- [ABOUT THIS TASK]
Using the records below, give the number of lines where the string "with" shows up. Add nothing to it.

[Source data]
━━━━━━
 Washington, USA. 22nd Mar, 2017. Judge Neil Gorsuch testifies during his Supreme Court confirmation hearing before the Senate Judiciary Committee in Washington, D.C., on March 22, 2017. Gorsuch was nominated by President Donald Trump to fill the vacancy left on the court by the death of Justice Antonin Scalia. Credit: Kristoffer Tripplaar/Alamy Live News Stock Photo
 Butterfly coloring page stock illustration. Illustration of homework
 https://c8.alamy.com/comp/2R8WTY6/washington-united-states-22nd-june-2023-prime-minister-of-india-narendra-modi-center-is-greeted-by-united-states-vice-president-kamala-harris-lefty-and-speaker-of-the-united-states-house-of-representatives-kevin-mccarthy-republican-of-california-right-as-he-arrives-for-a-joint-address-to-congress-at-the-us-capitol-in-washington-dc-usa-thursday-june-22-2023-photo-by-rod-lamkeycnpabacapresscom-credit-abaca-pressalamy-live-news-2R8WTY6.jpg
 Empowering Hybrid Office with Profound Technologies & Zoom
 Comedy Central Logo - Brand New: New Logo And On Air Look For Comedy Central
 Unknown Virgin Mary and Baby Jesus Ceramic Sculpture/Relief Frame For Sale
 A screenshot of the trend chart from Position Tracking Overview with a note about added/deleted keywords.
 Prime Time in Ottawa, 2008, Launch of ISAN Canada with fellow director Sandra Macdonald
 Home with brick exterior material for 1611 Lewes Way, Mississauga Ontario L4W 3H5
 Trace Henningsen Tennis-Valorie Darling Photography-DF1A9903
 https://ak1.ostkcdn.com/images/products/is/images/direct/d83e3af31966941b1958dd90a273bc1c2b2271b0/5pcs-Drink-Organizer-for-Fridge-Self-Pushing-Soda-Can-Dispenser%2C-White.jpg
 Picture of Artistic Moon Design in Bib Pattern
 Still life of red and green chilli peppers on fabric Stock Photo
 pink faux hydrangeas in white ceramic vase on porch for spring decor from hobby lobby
━━━━━━
- [TASK RESPONSE]
4